%%
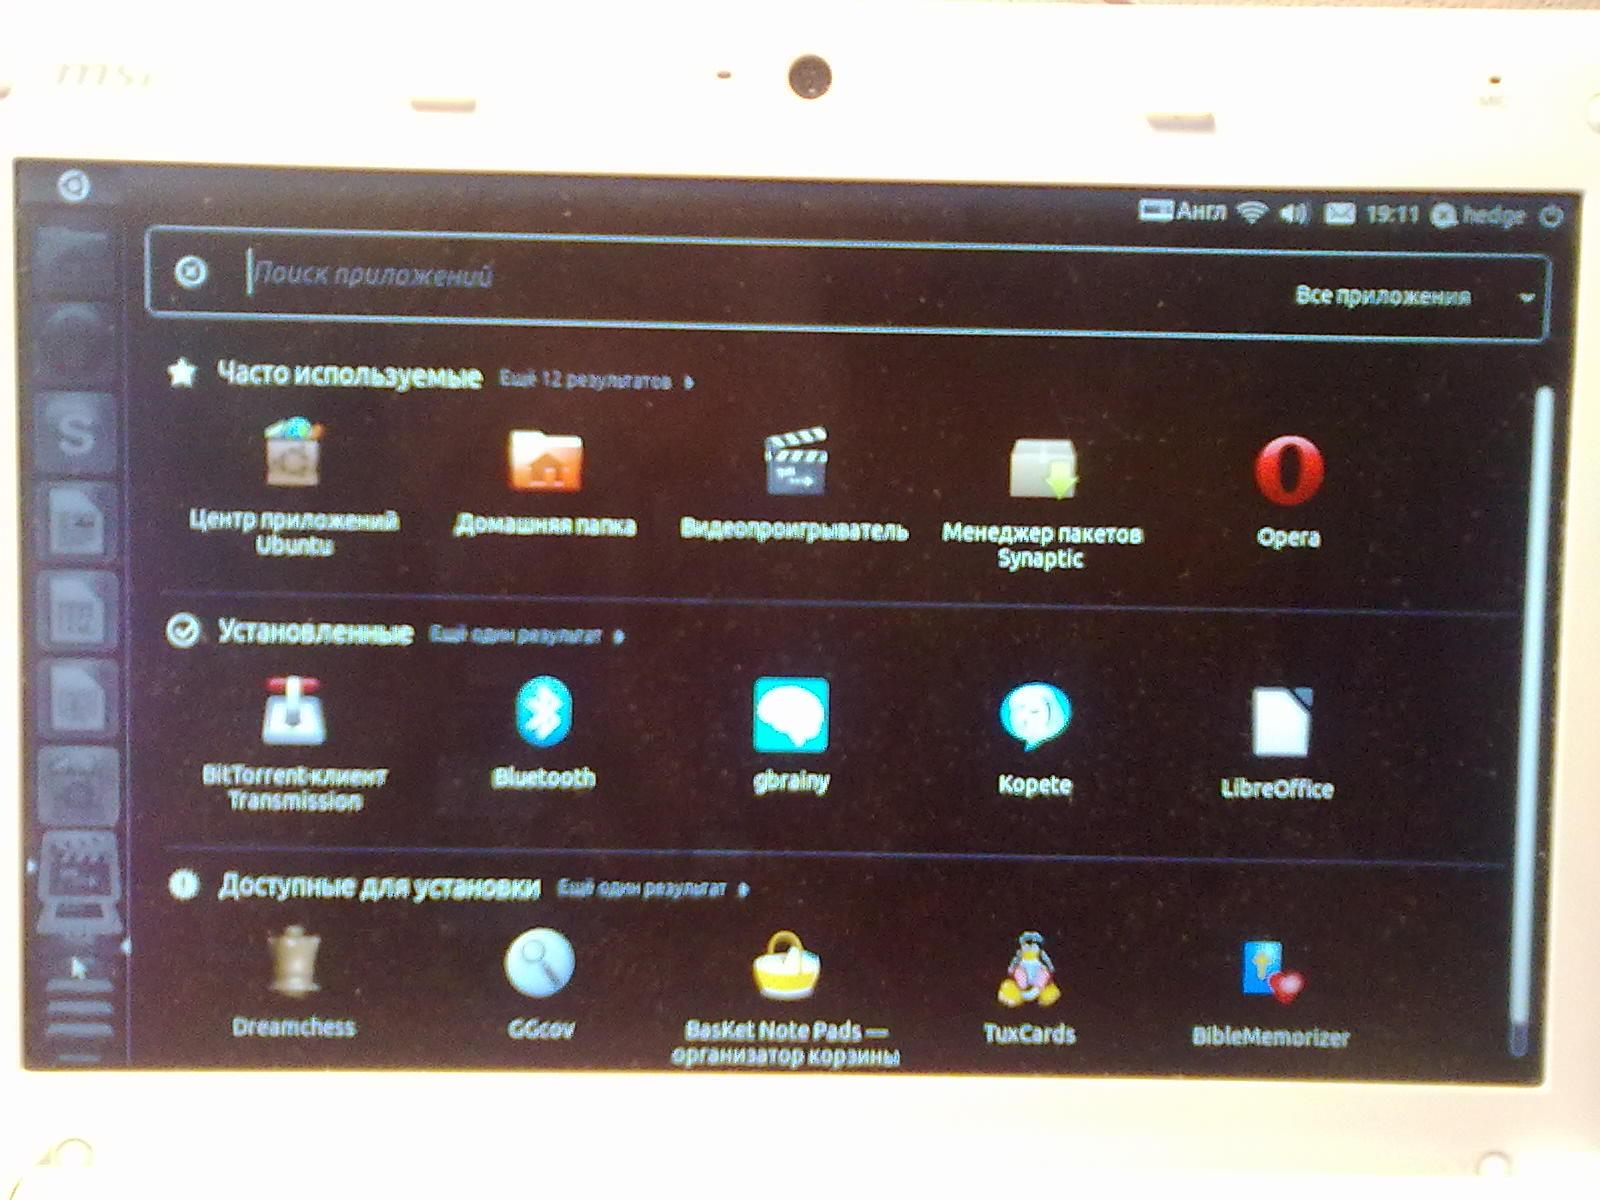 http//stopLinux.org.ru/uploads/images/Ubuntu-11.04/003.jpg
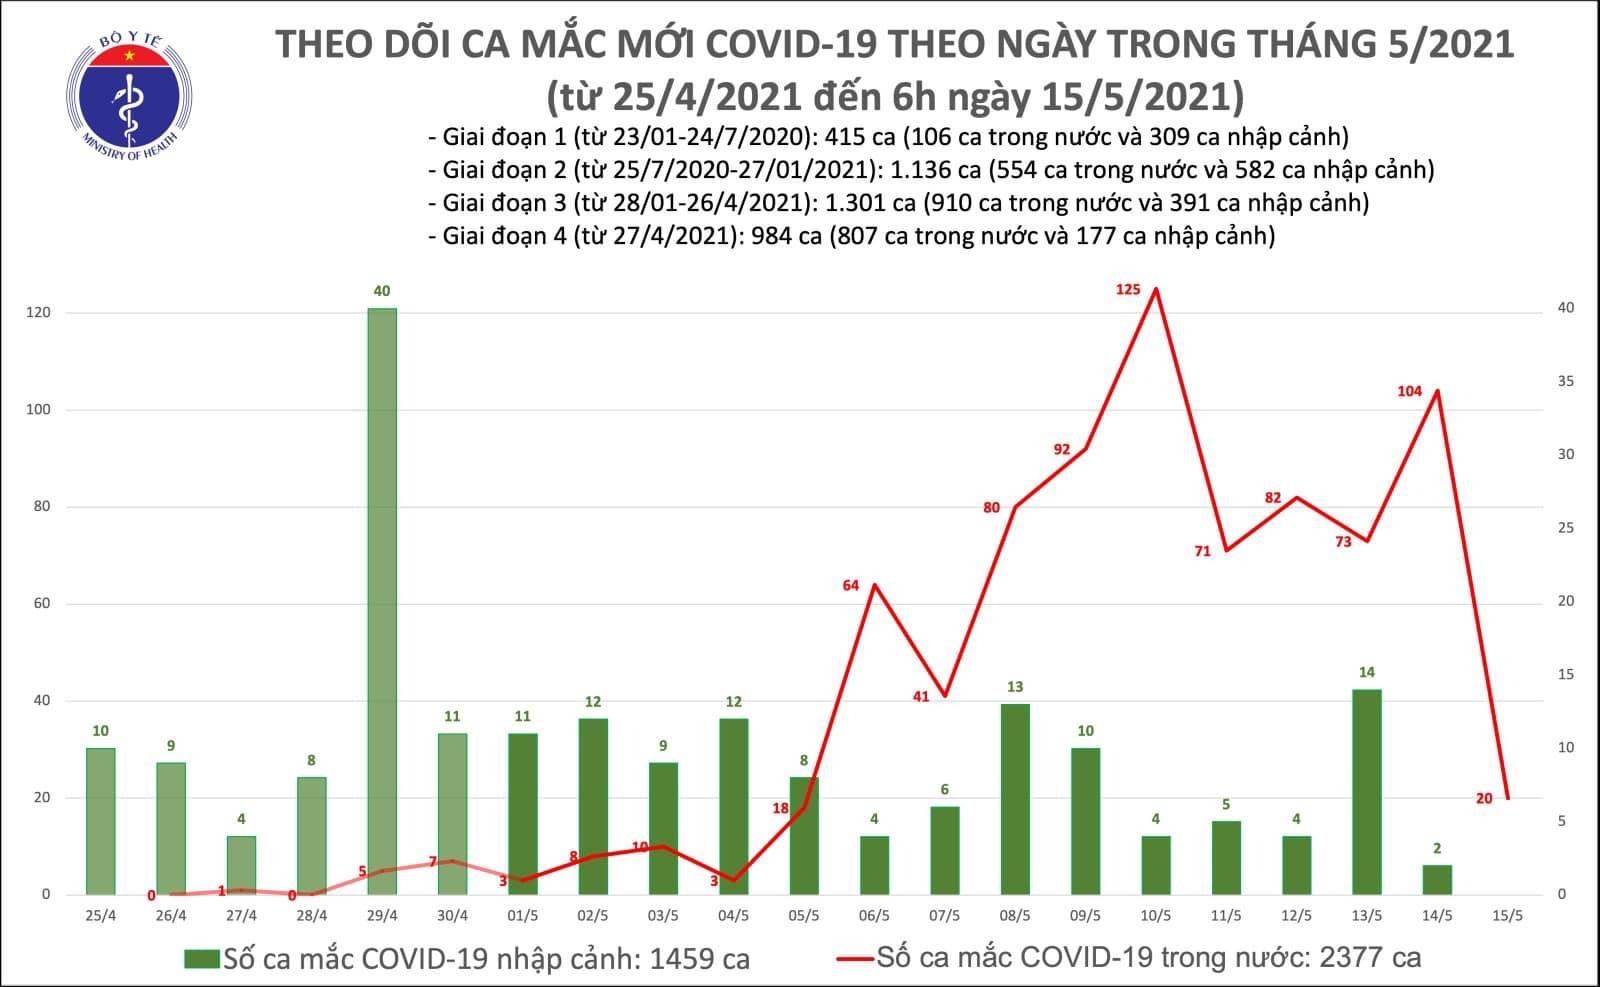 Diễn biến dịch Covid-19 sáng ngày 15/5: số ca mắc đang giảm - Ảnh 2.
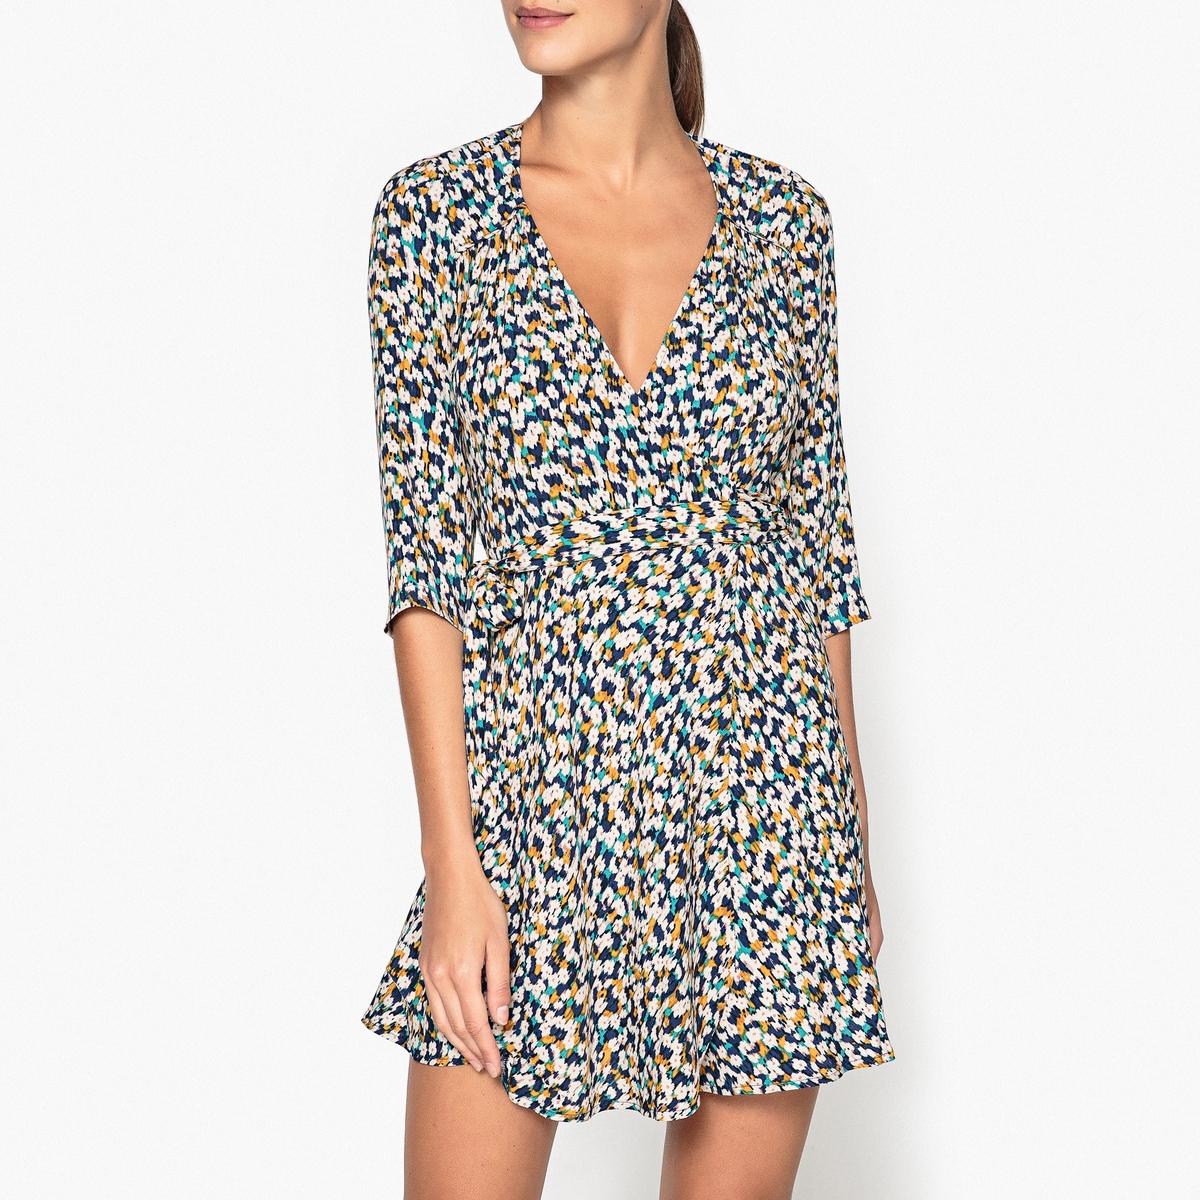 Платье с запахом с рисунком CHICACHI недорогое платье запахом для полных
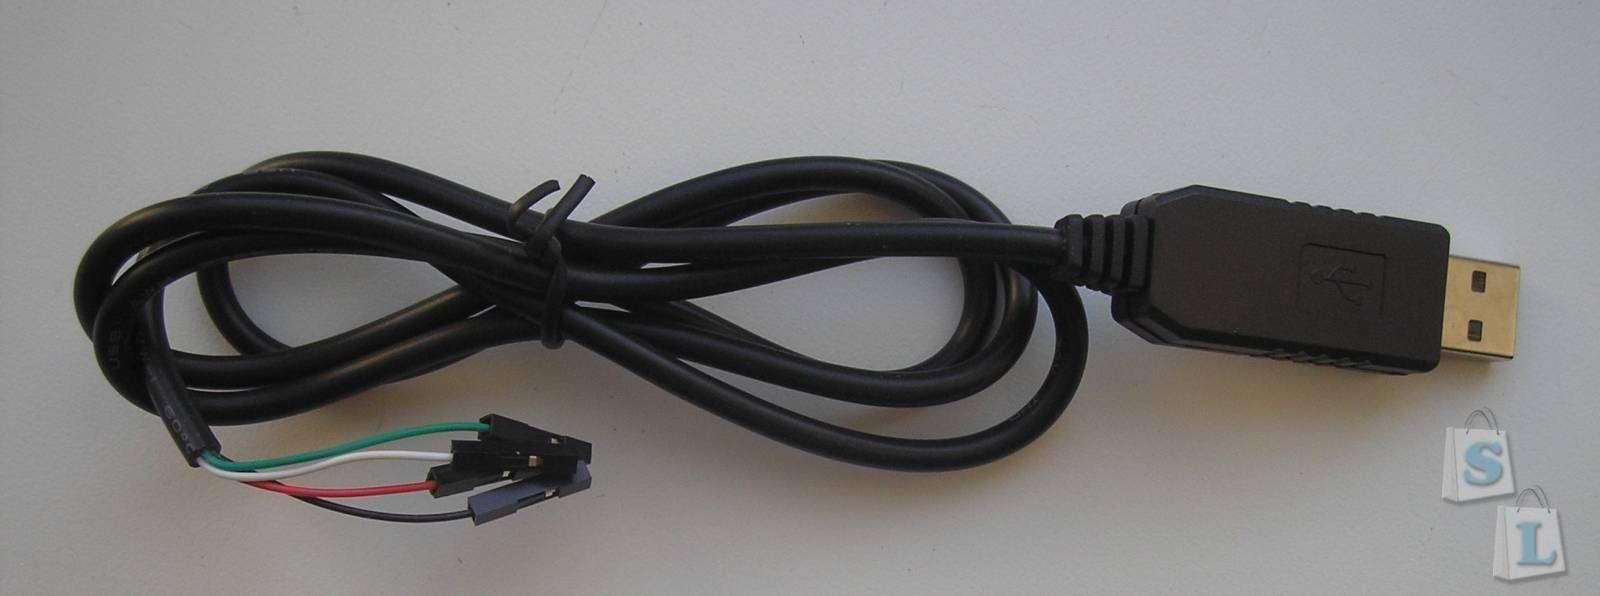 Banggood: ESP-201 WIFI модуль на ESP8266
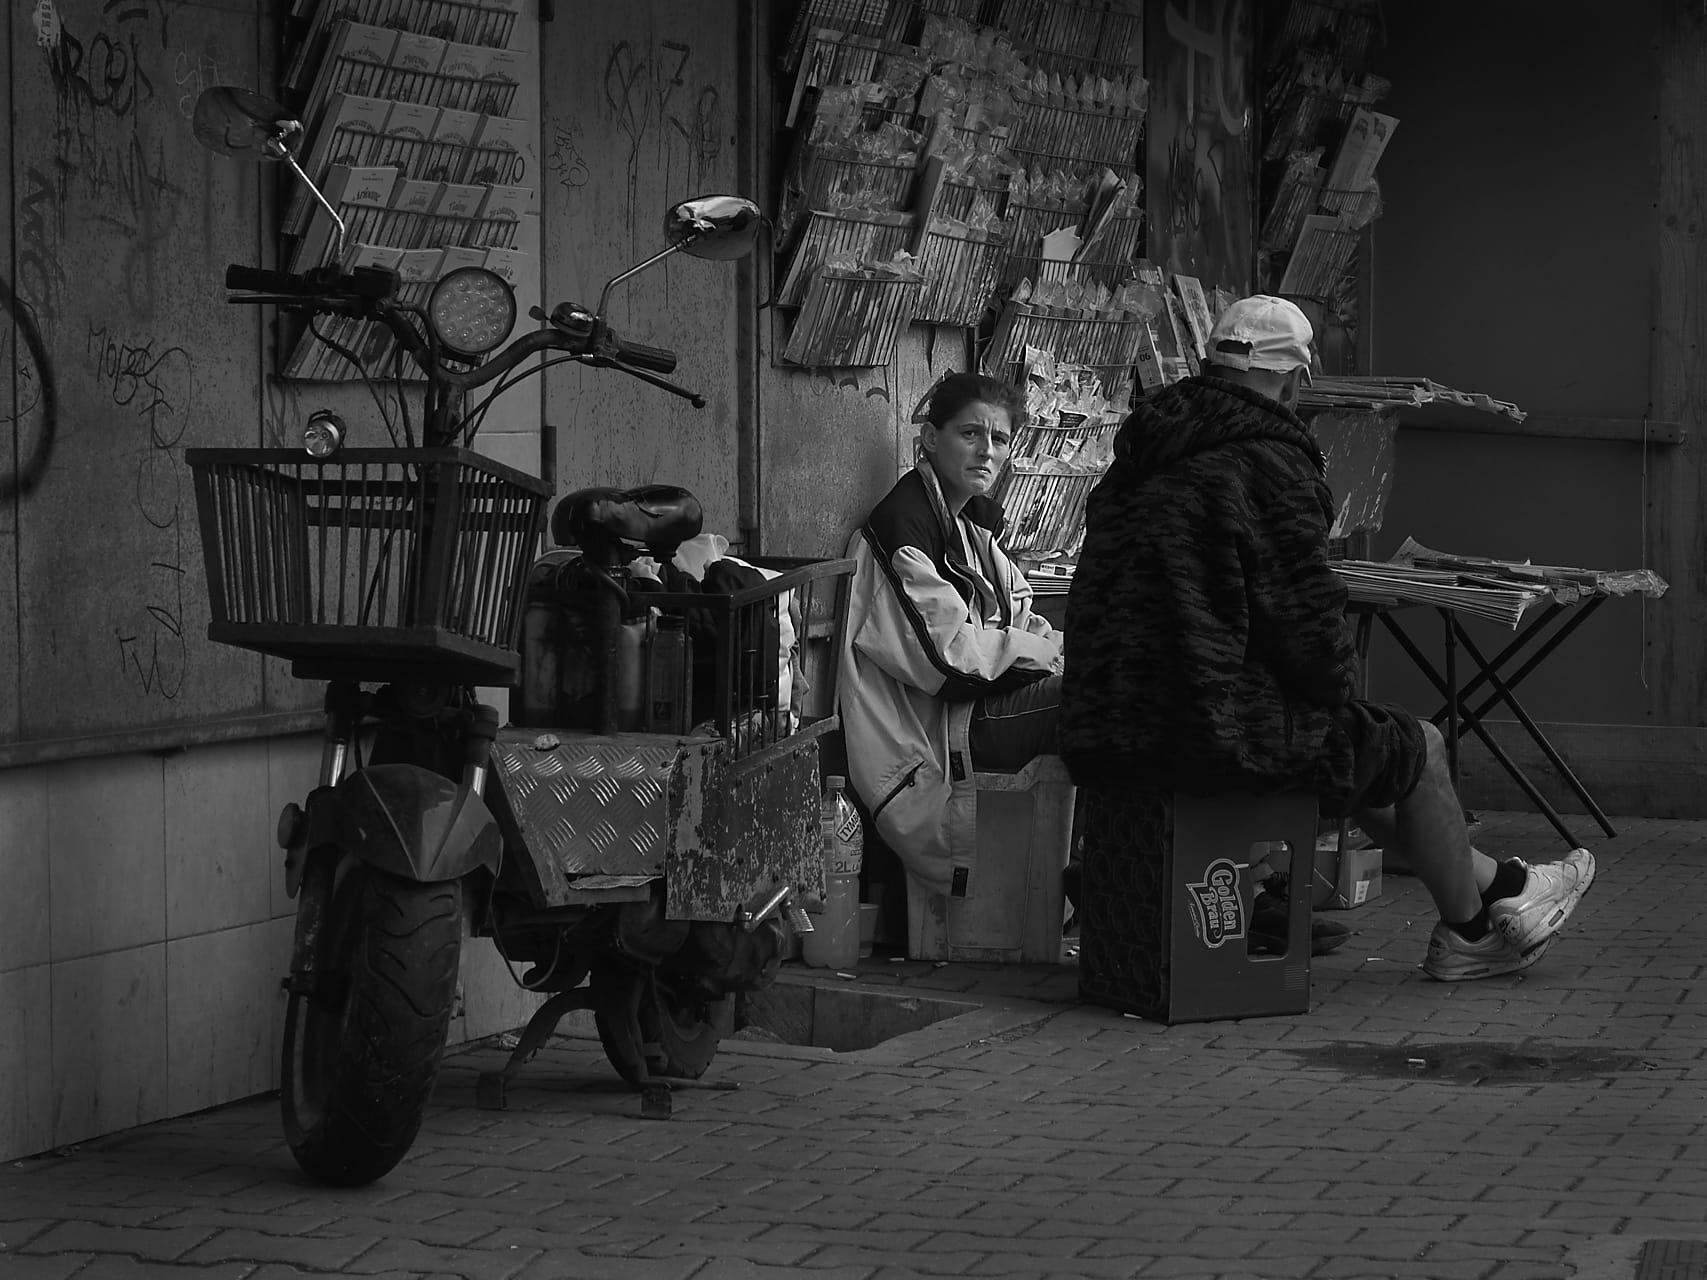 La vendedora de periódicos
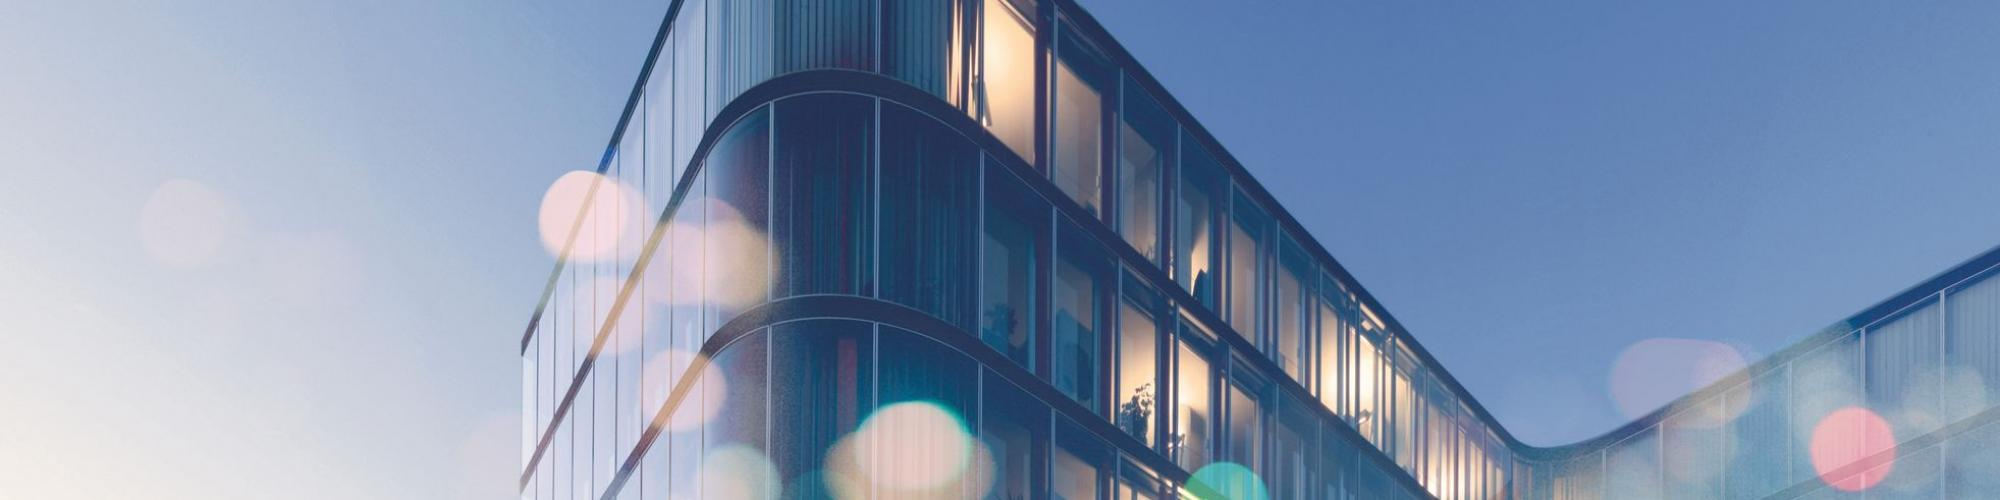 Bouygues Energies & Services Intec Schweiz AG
%%
--- Your goal ---
The output must match, line for line, the span from the line containing "Платье с запахом" through the end of the data, with the pictures removed.

--- Solution to the exercise ---
 Платье с запахом с рисунком CHICACHI недорогое платье запахом для полных
 Banggood: ESP-201 WIFI модуль на ESP8266
 La vendedora de periódicos
 Bouygues Energies & Services Intec Schweiz AG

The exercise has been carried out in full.